Машины зашумевшего времени - Илья Кукулин
Шрифт:
Интервал:
Закладка:
Сам образ «красного колеса», каким он появляется в «Августе Четырнадцатого», восходит к метафорике «колеса истории», очень характерной для советской культуры 1920-х годов[697], — например, в стихотворении Сергея Обрадовича «III Интернационал»: «…На полдороге не встанет, не встанет / Революций огненное колесо!..» Однако, вероятно, наиболее востребованным этот образ был в раннесоветском кинематографе. «Колесо во весь экран» появляется в фильме Эйзенштейна «Стачка» — еще не как метафора движения времени, а как «аттракционное» орудие восставших рабочих: огромное металлическое колесо висит на стреле подъемного крана, этим грузом заговорщики ударяют по голове пожилого директорского стукача.

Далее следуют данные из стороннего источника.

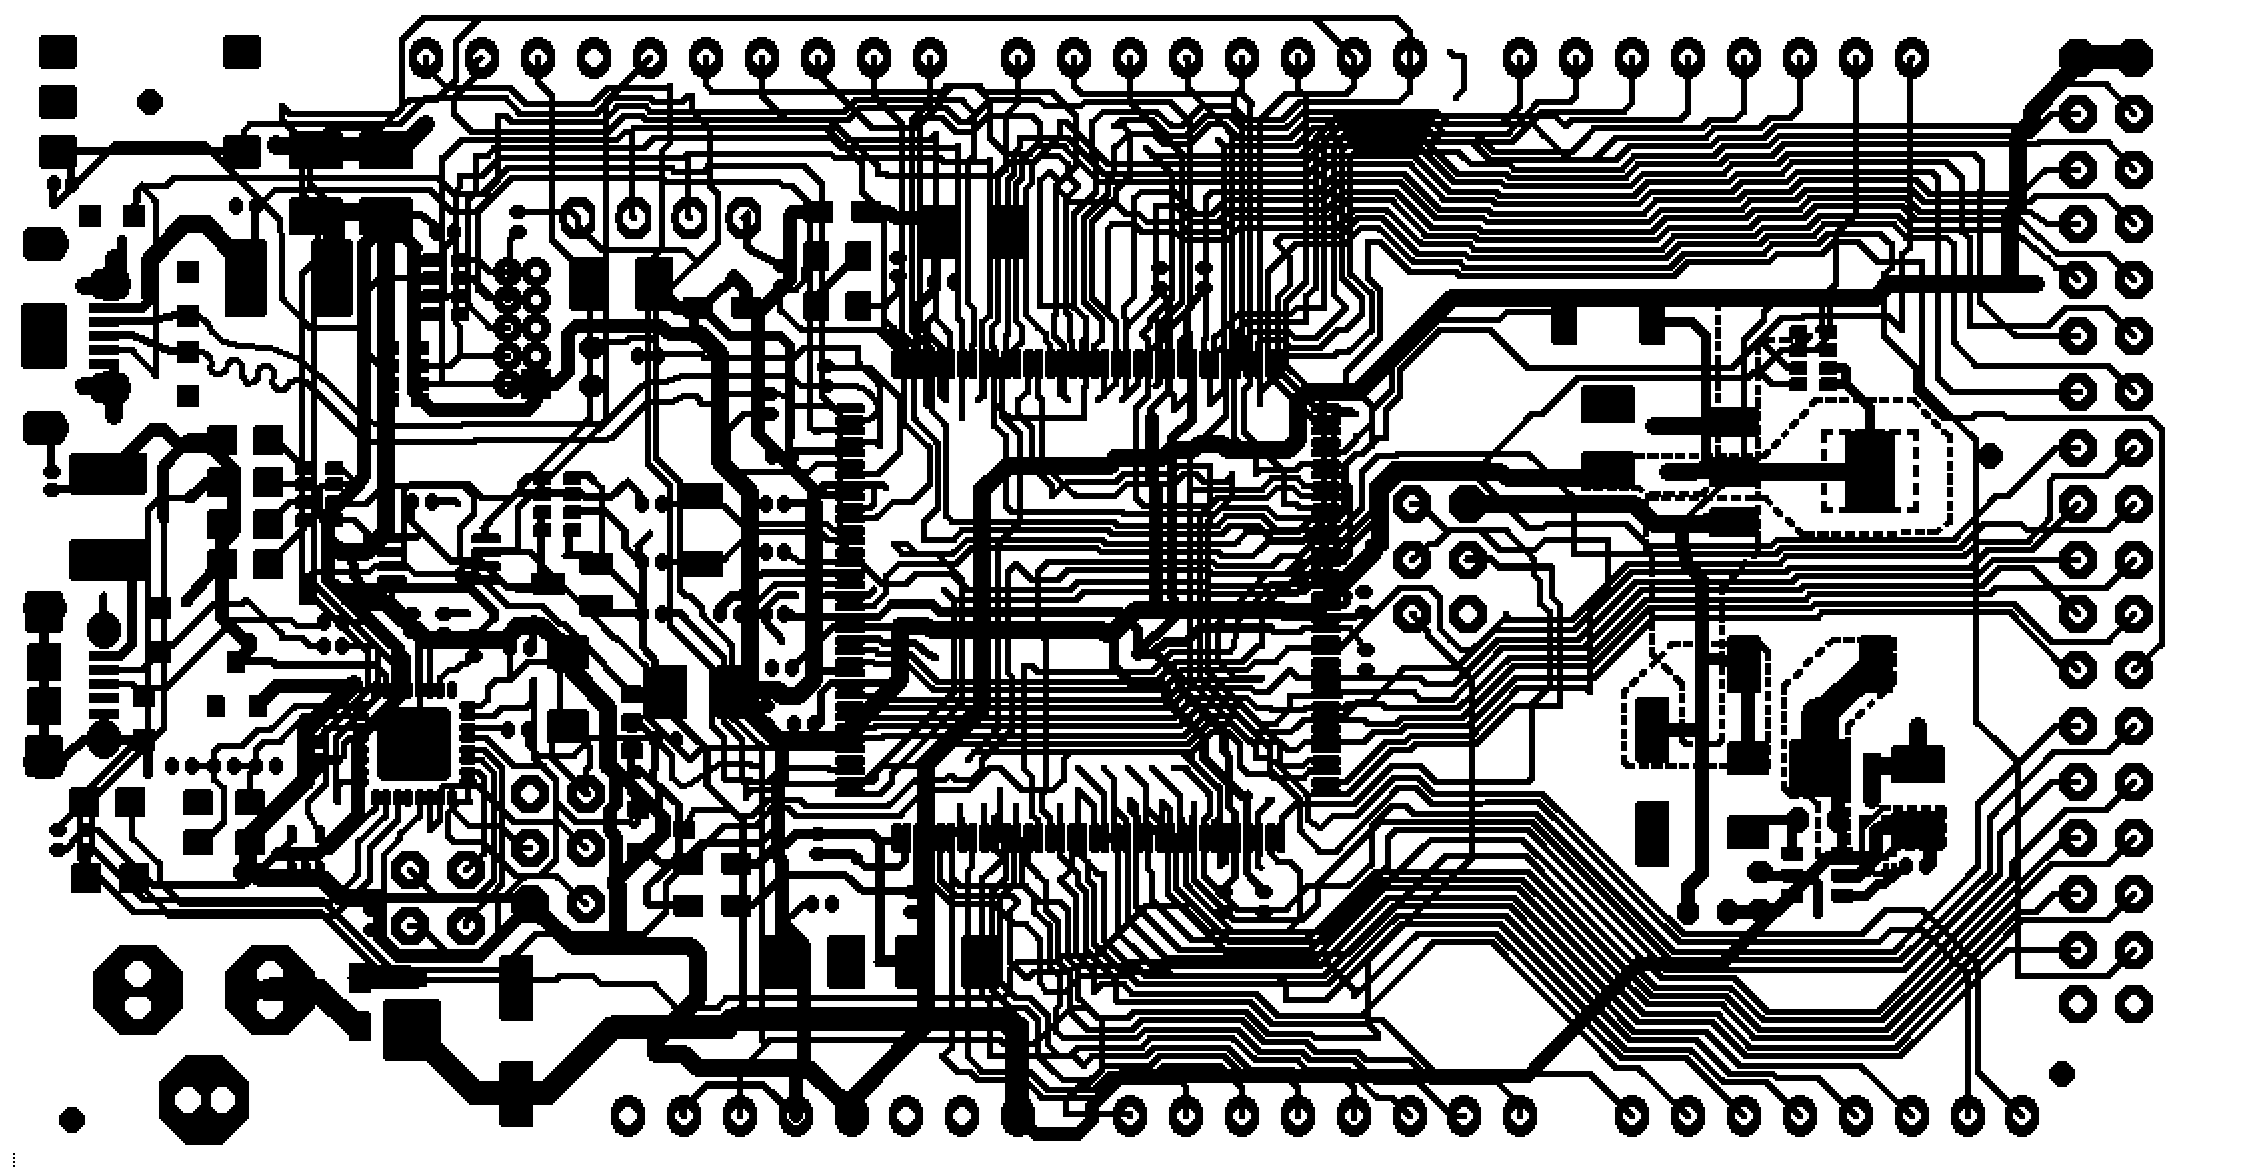 Electric Circuit Tattoo Diagram Tattoos Vias Wiring Services

Образ «колеса истории» появляется у Эйзенштейна в фильме 1927 года «Октябрь» (там это колеса танка); у Всеволода Пудовкина — в фильме «Конец Санкт-Петербурга» (1927); у Фридриха Эрмлера — в «Обломке империи» (1929), где унтер-офицер, потерявший память во время Гражданской войны и вспомнивший свою жизнь в 1928-м, видит огромное, угрожающее колесо паровоза; у Александра Довженко в «Арсенале» и т. п. (Впрочем, поскольку сначала центральный образ возникает в эпопее Солженицына как колесо телеги-линейки, здесь возможна аллюзия еще и на начало и финал первого тома «Мертвых душ» Гоголя (колесо брички Чичикова и «птица-тройка»).) По-видимому, главным источником этих образов стала метафора Маркса «революции — локомотивы истории», в 1920-е годы постоянно использовавшаяся в советской политической риторике[698]. Однако смысловыми центрами переосмысления эстетики раннесоветского кино в «Красном колесе» являются именно «эйзенштейноподобные» сцены.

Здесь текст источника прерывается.